Building Multi-Step Agents | Architect

A single prompt call is a question. An agent is a conversation with a purpose. The difference is that an agent knows what it is trying to accomplish and keeps working until it gets there.

Analyze Phase

What Makes Something an Agent

01

The Four Agent Properties

Goal-directed: Has a defined objective, not just a task. An agent knows what success looks like and works toward it.

Tool-using: Can take actions beyond text generation — search, read files, call APIs, execute commands. It expands its capability beyond language.

Memory-aware: Maintains context across steps, not just within one call. It remembers what it learned in step 2 when it reaches step 5.

Self-evaluating: Can assess its own output and decide if it meets the goal. If not, it loops and tries again.

02

Agent vs. Chain vs. Single Call

Single call: One prompt, one response. You ask a question, AI answers. Done.

Chain: Fixed sequence of calls.
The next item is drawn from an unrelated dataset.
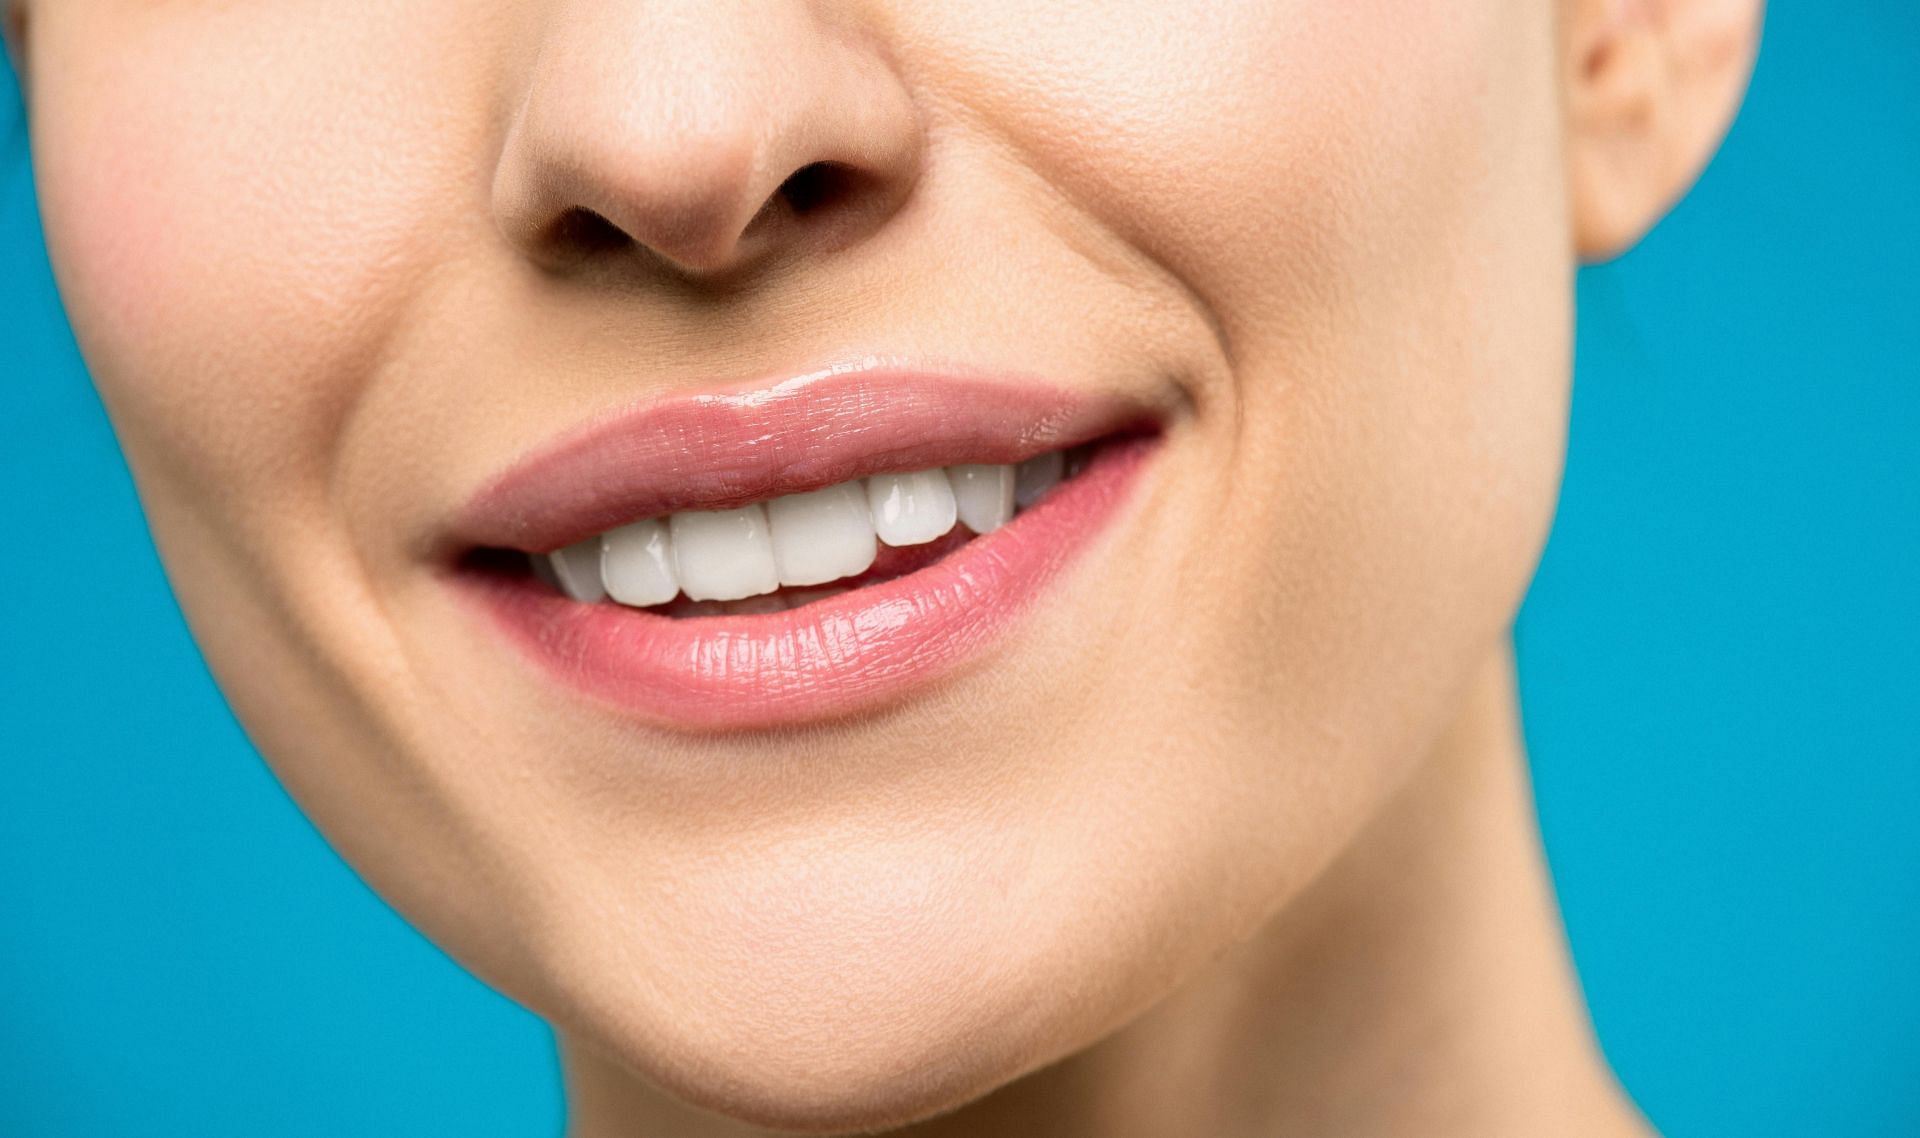 Tips on how to fix a chipped tooth (image sourced via Pexels / Photo by shiny)

Step 1 → Step 2 → Step 3. The path is predetermined.

Agent: Dynamic. It decides what to do next based on results. If it finds what it's looking for at step 2, it skips step 3. If it needs more information, it loops.

03

The ReAct Loop (Reason → Act → Observe)

Every agent runs a loop: Reason (what do I know? what do I need?) → Act (call a tool or API) → Observe (what did I get back?) → Repeat until goal met or max steps reached.
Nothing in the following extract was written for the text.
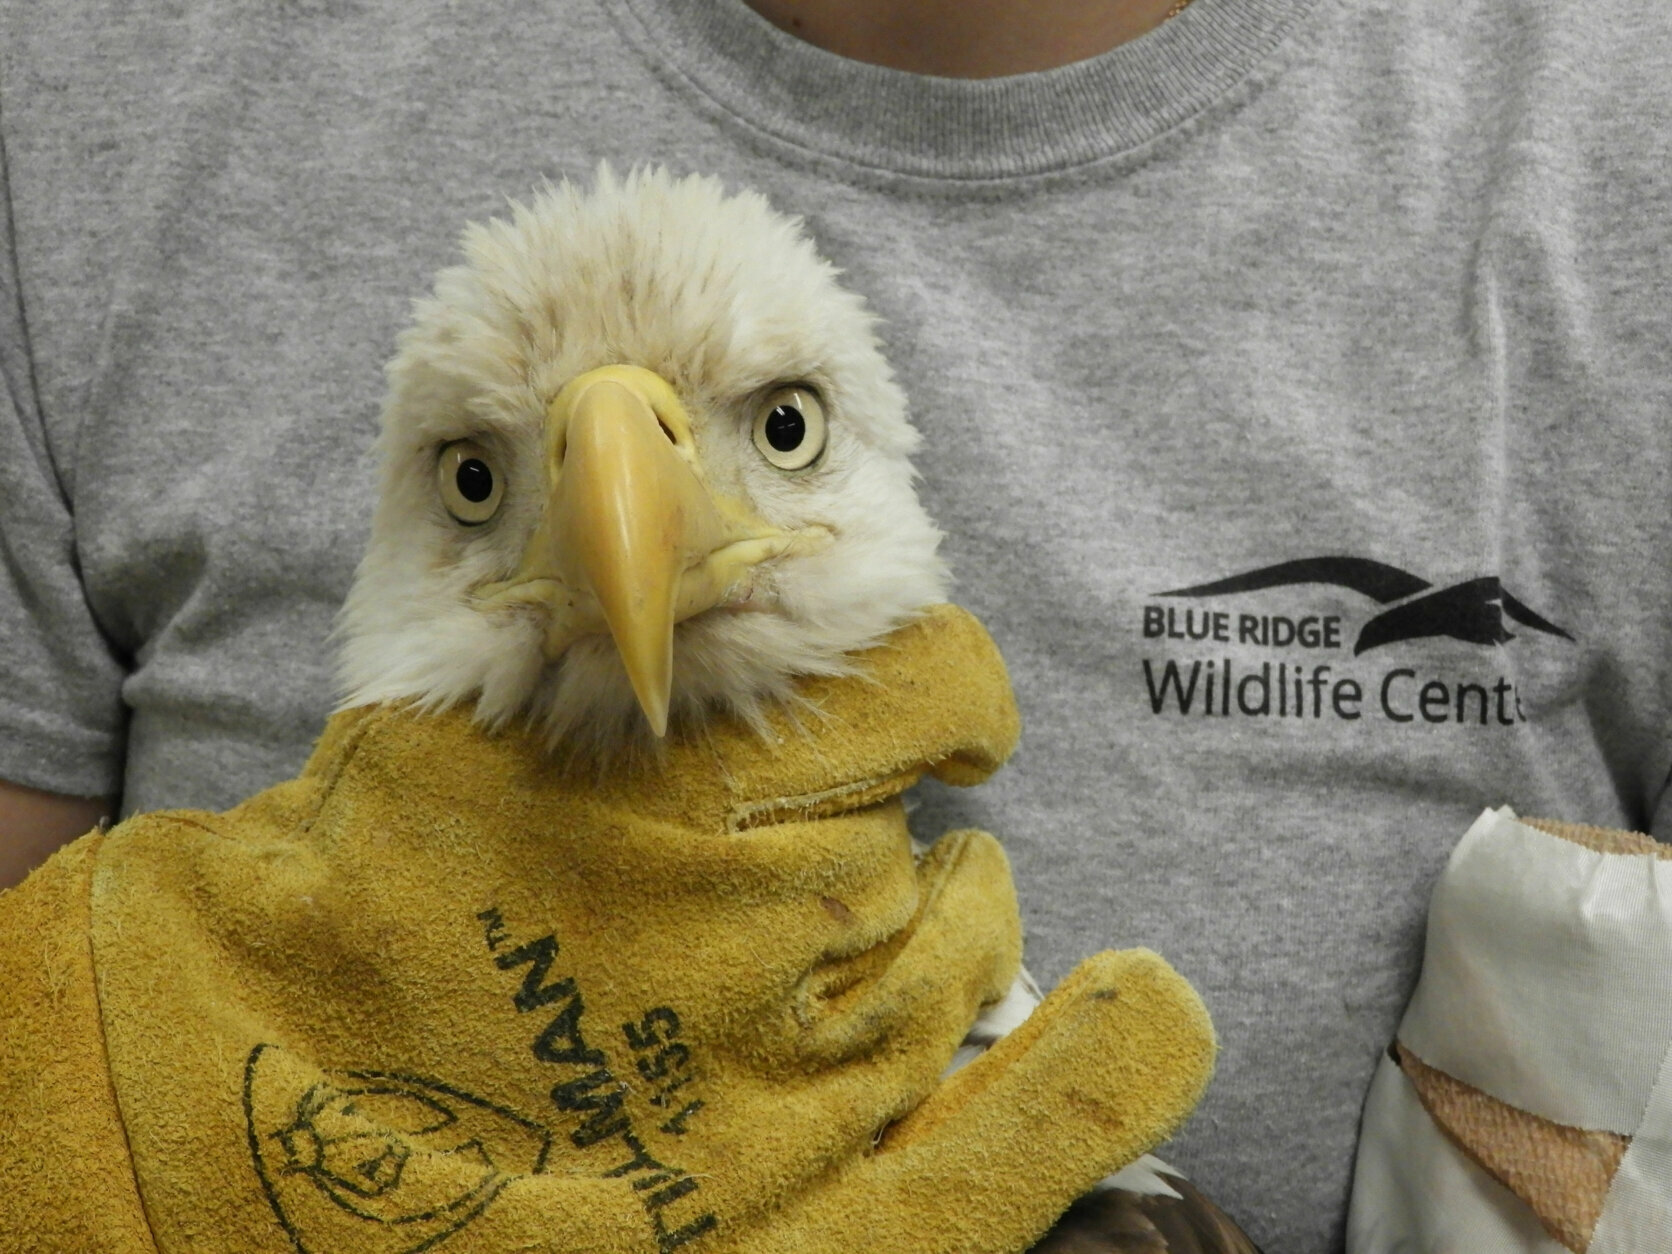 Jennifer Riley and her team are currently taking care of three bald eagles found in Stafford County and one in Loudoun County suffering from lead poisoning.

This loop is the heartbeat of every agent. Understanding it explains agent behavior completely.

The danger of agents is infinite loops and runaway costs. Every agent you build must have: a maximum step count, a cost ceiling, and a human escalation path. These are not optional — they are architecture requirements.

Integrate Phase

Building a Research Agent

04

Agent Architecture Diagram

Input: research question

Step 1: Claude decides what to search

Step 2: Search tool returns results

Step 3: Claude evaluates results

Step 4: Claude synthesizes or loops

Output: structured research report

This is the basic pattern. Every research agent follows this skeleton.

05

The Tool Interface Pattern

Every tool your agent uses needs a clean interface:

name: What is this tool called?
description: When should Claude use it? (This is critical — Claude uses the description to decide WHEN to use the tool)
input_schema: What data does it need?
output_schema: What does it return?

Claude uses the description to decide WHEN to use the tool. The schema tells it HOW.

06

Python Agent Skeleton

def run_agent(question, max_steps=5):
    step = 0
    messages = [{"role": "user", "content": question}]
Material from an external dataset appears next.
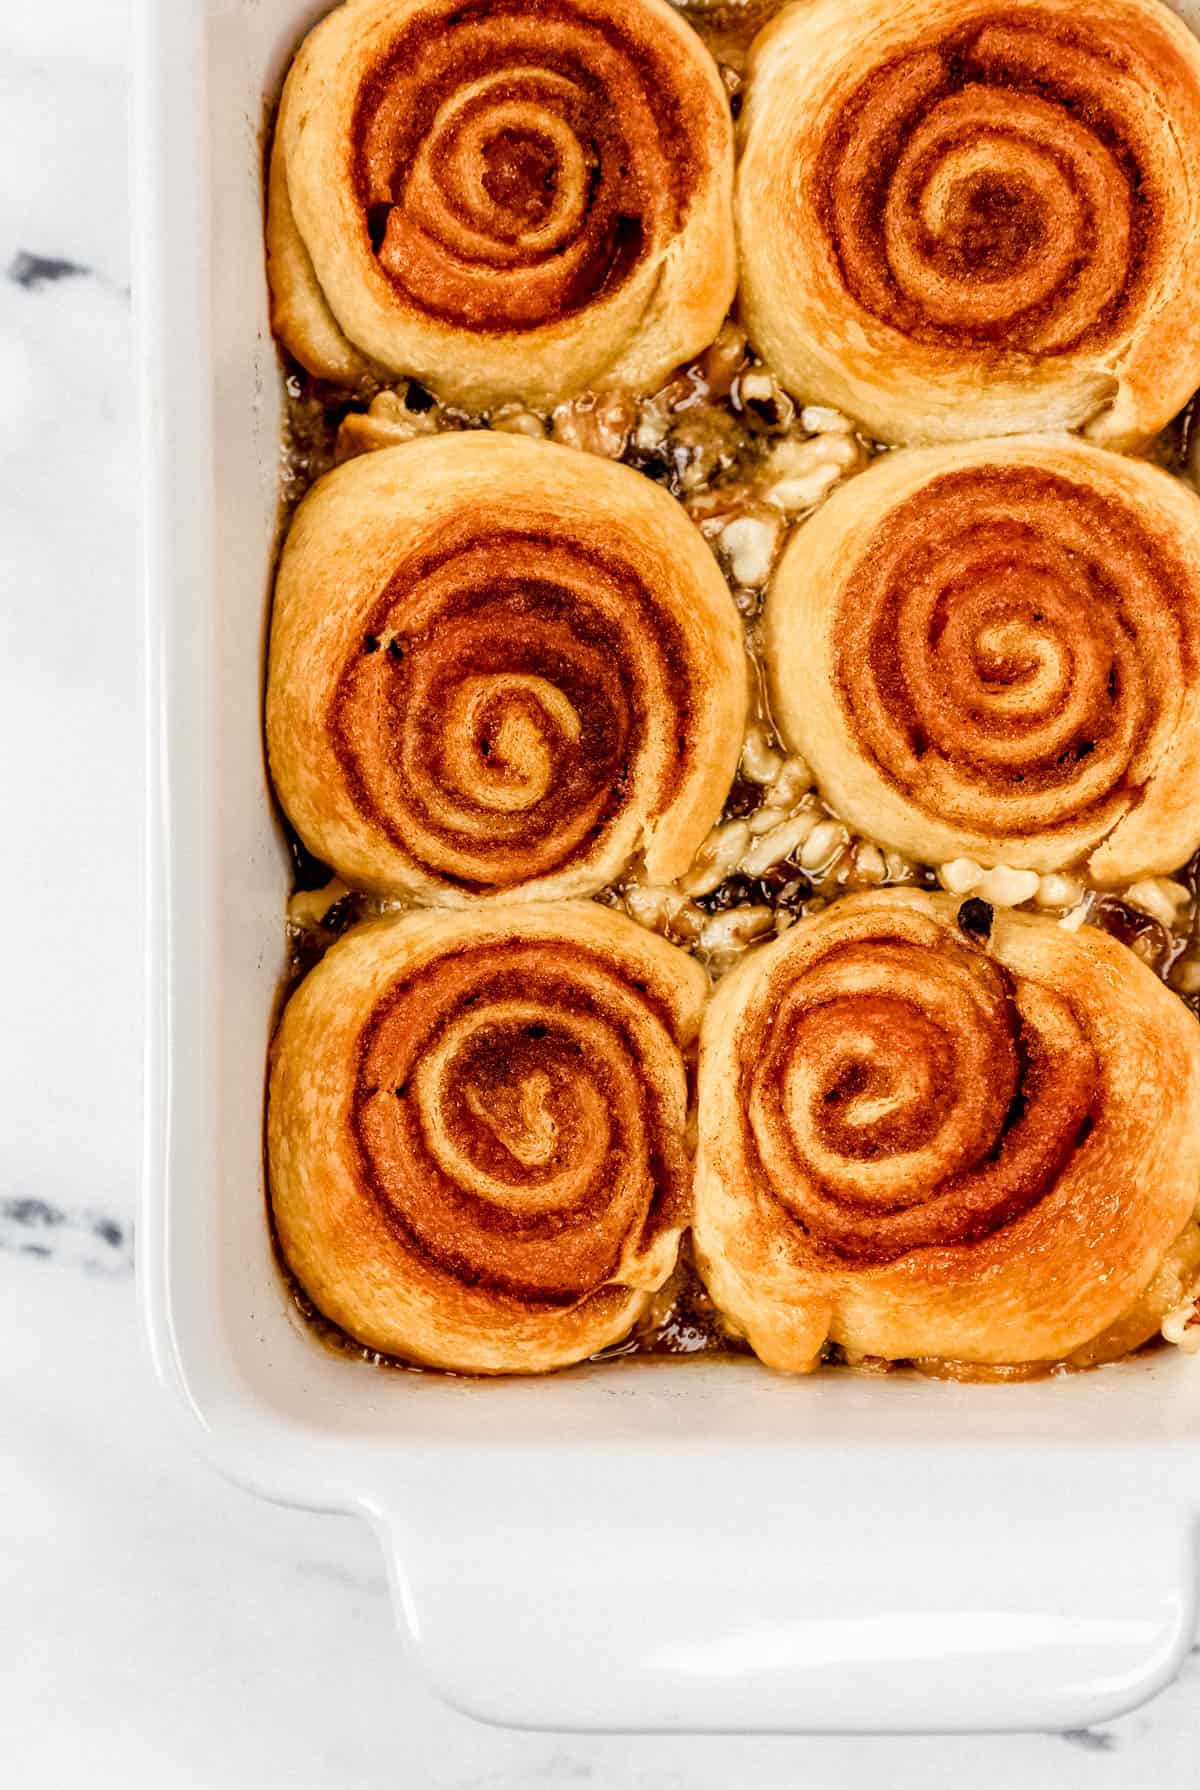 Overhead view of finished sticky buns in a baking dish on marble surface.

    while step < max_steps:
        response = client.messages.create(
            model="claude-opus",
            max_tokens=2048,
            tools=tools,
            messages=messages
        )

        if response.stop_reason == "end_turn":
            return response.content[0].text

        # Execute tool
        tool_call = response.content[0]
        result = execute_tool(tool_call.name, tool_call.input)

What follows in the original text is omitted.